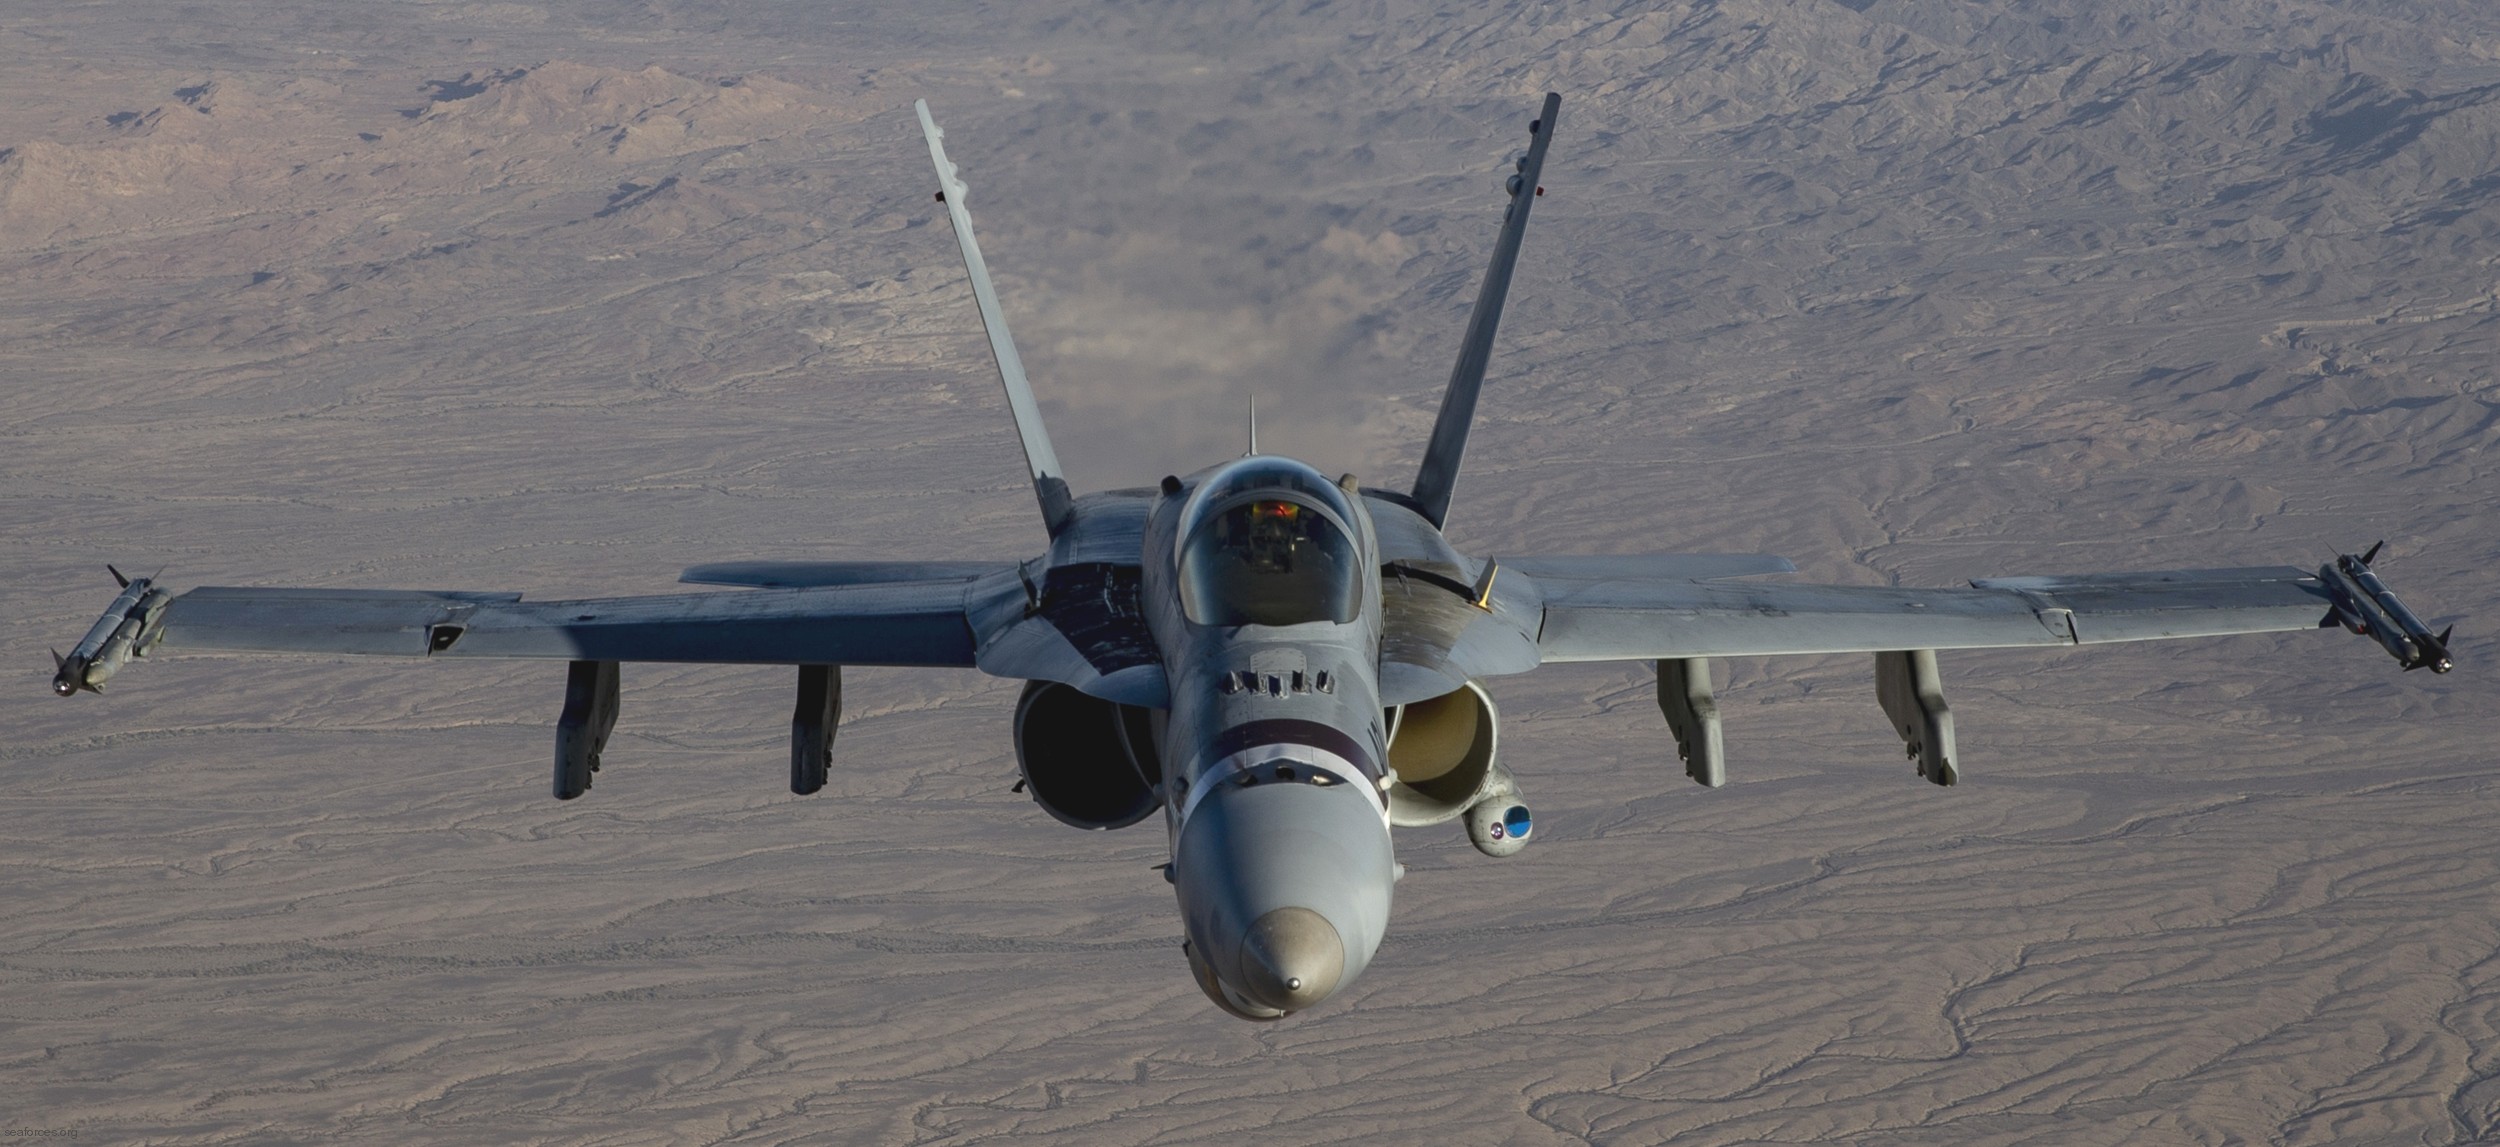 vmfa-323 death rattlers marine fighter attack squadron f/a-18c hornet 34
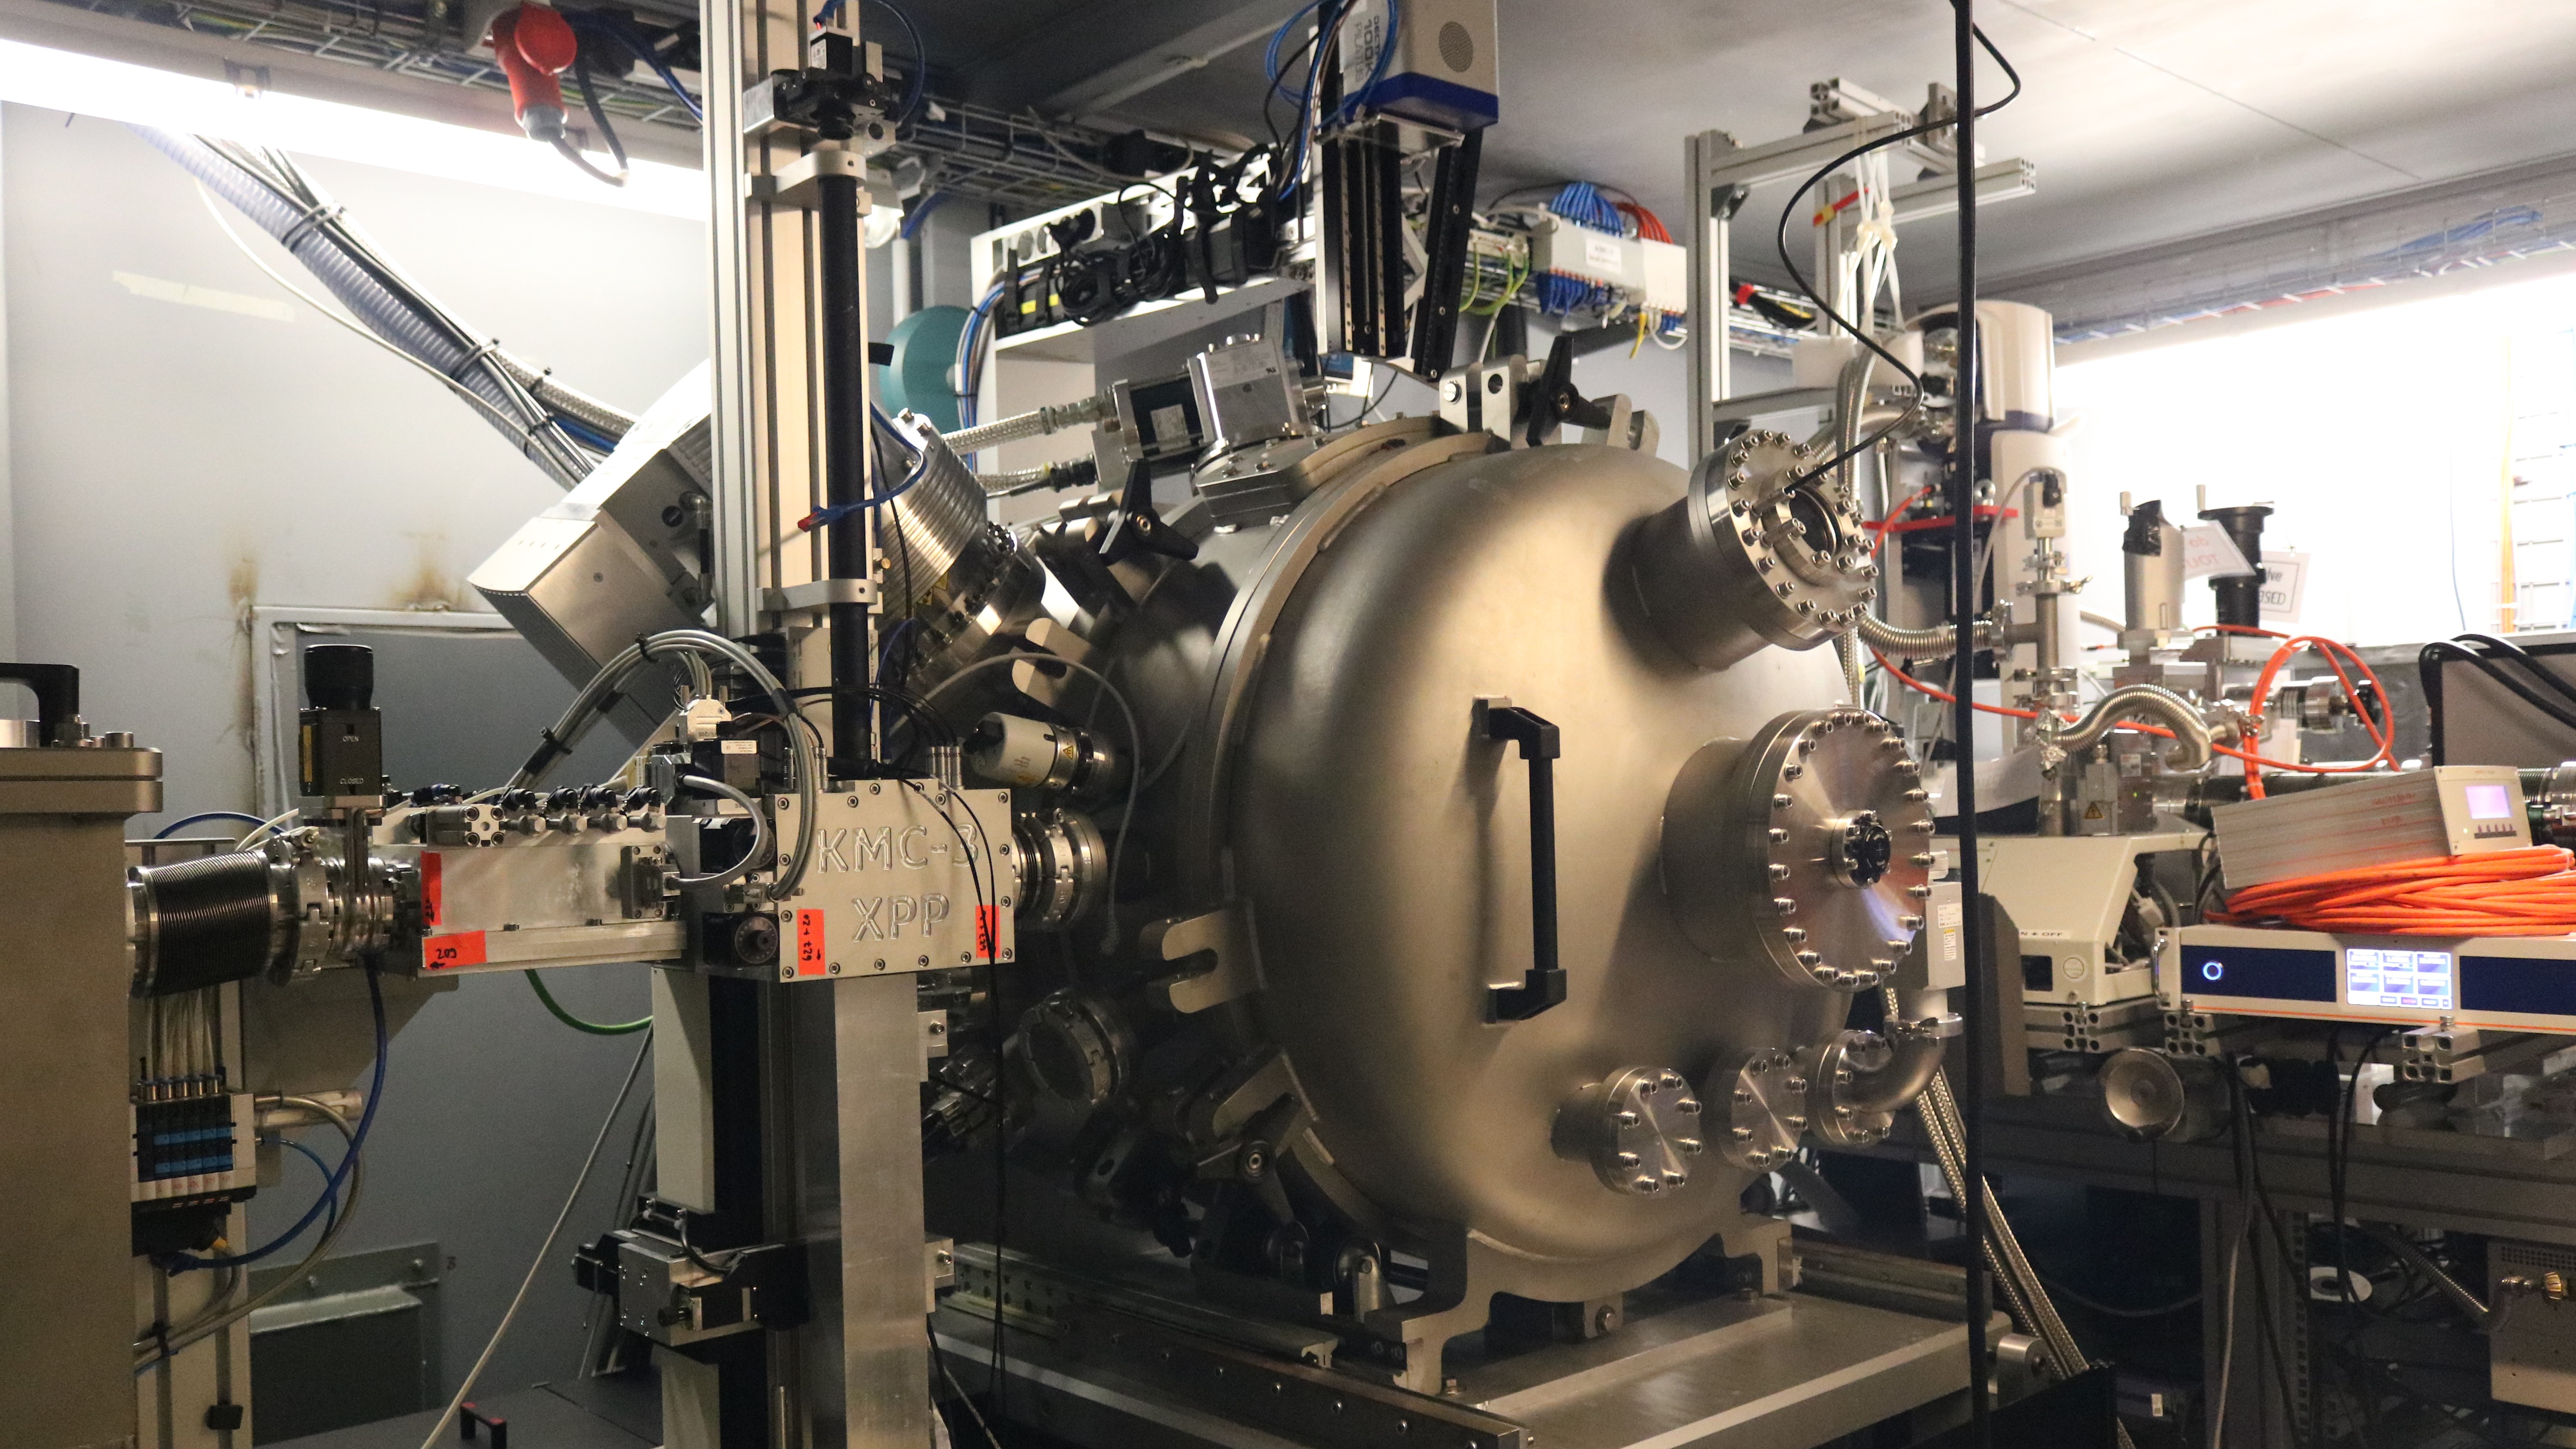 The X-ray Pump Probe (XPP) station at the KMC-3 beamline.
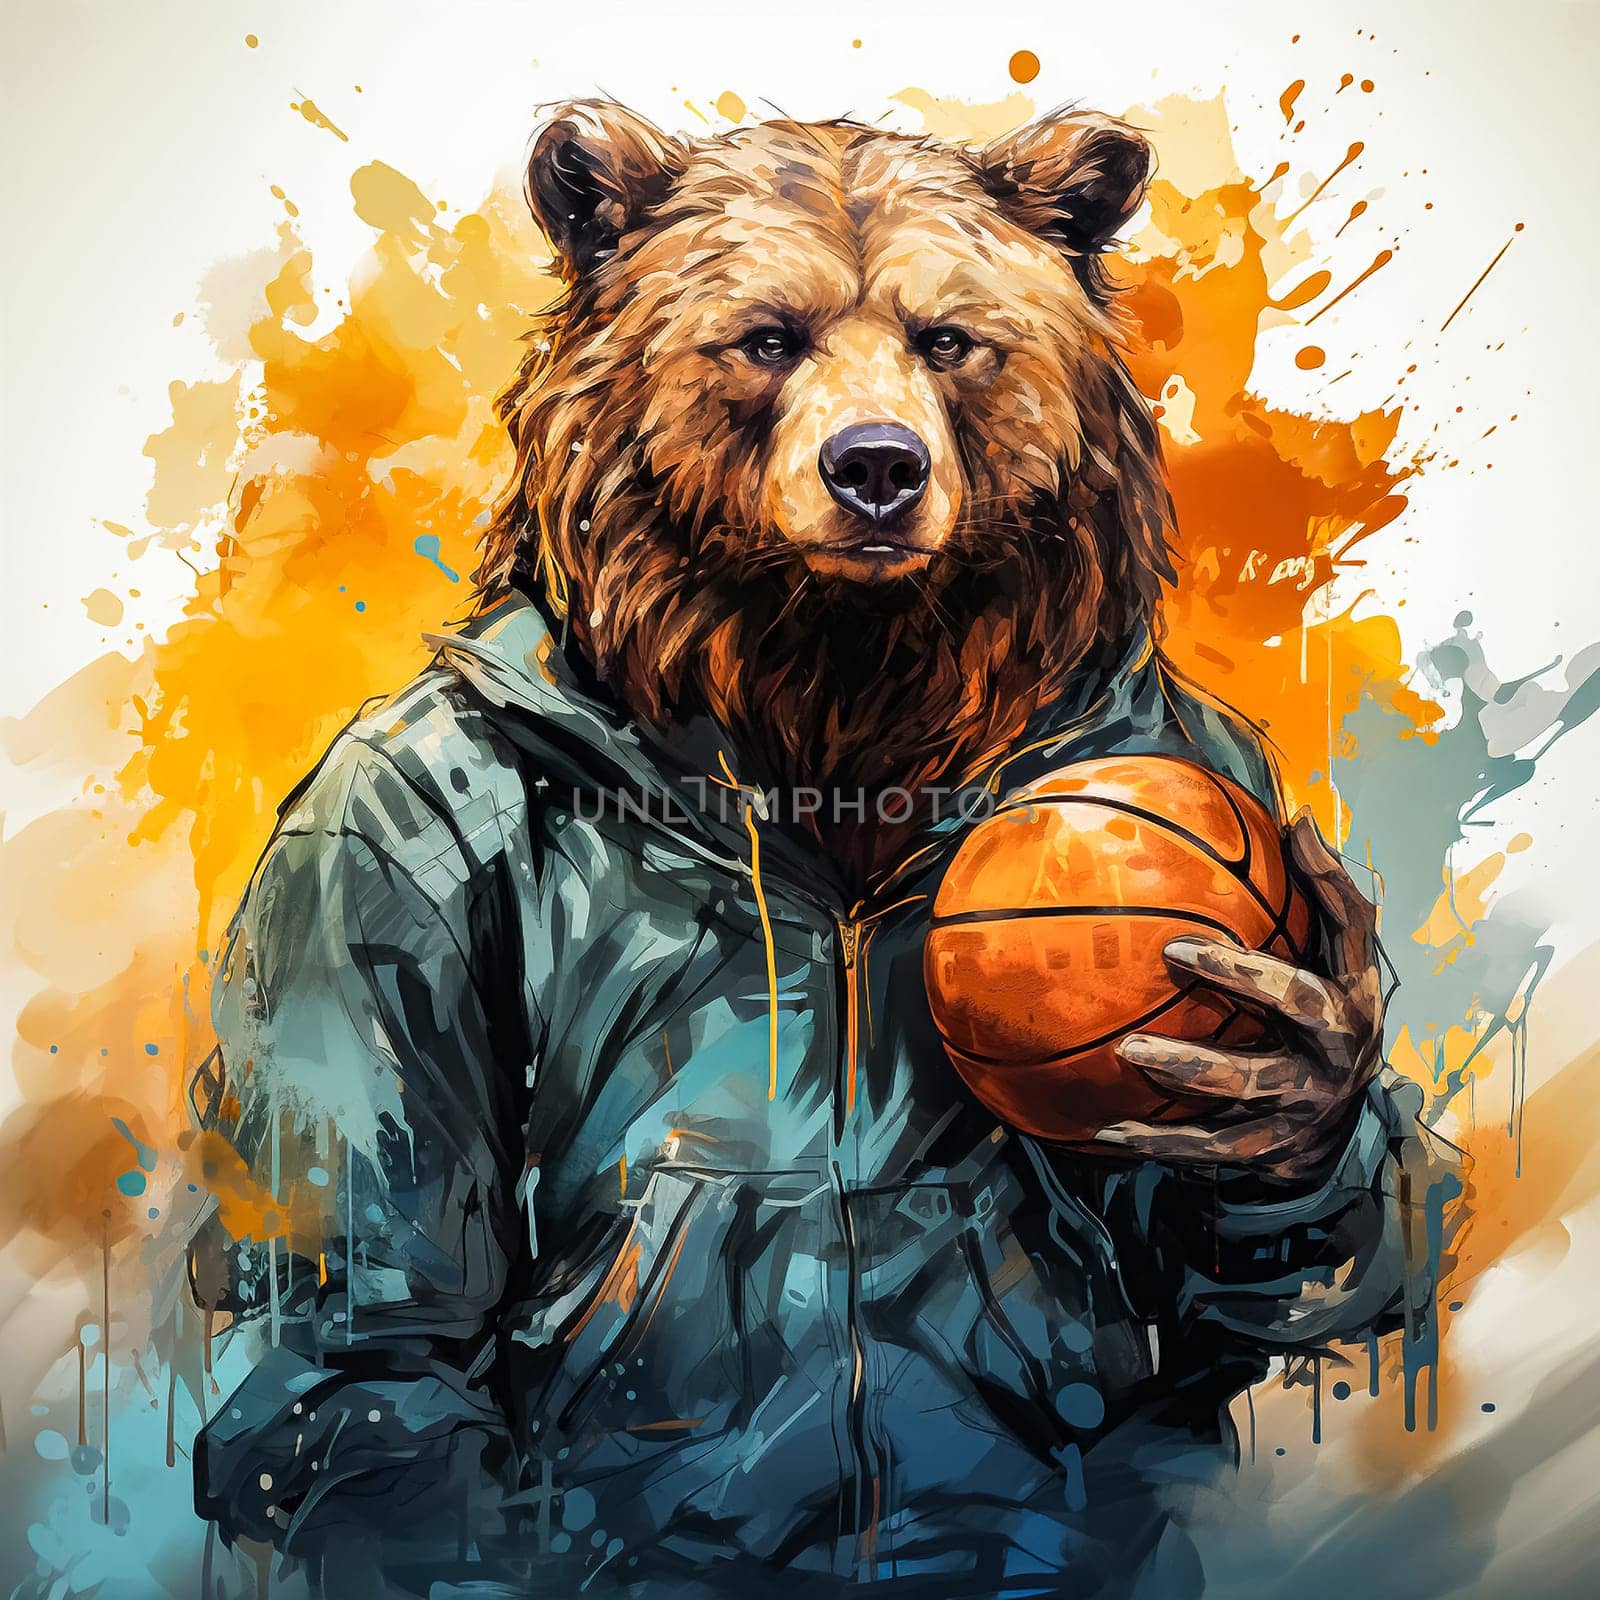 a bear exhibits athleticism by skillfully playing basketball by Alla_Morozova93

• **Directions**
The task calls for duplicating the data exactly, with no images kept.

• **Solved exercise**
 vmfa-323 death rattlers marine fighter attack squadron f/a-18c hornet 34
 The X-ray Pump Probe (XPP) station at the KMC-3 beamline.
 a bear exhibits athleticism by skillfully playing basketball by Alla_Morozova93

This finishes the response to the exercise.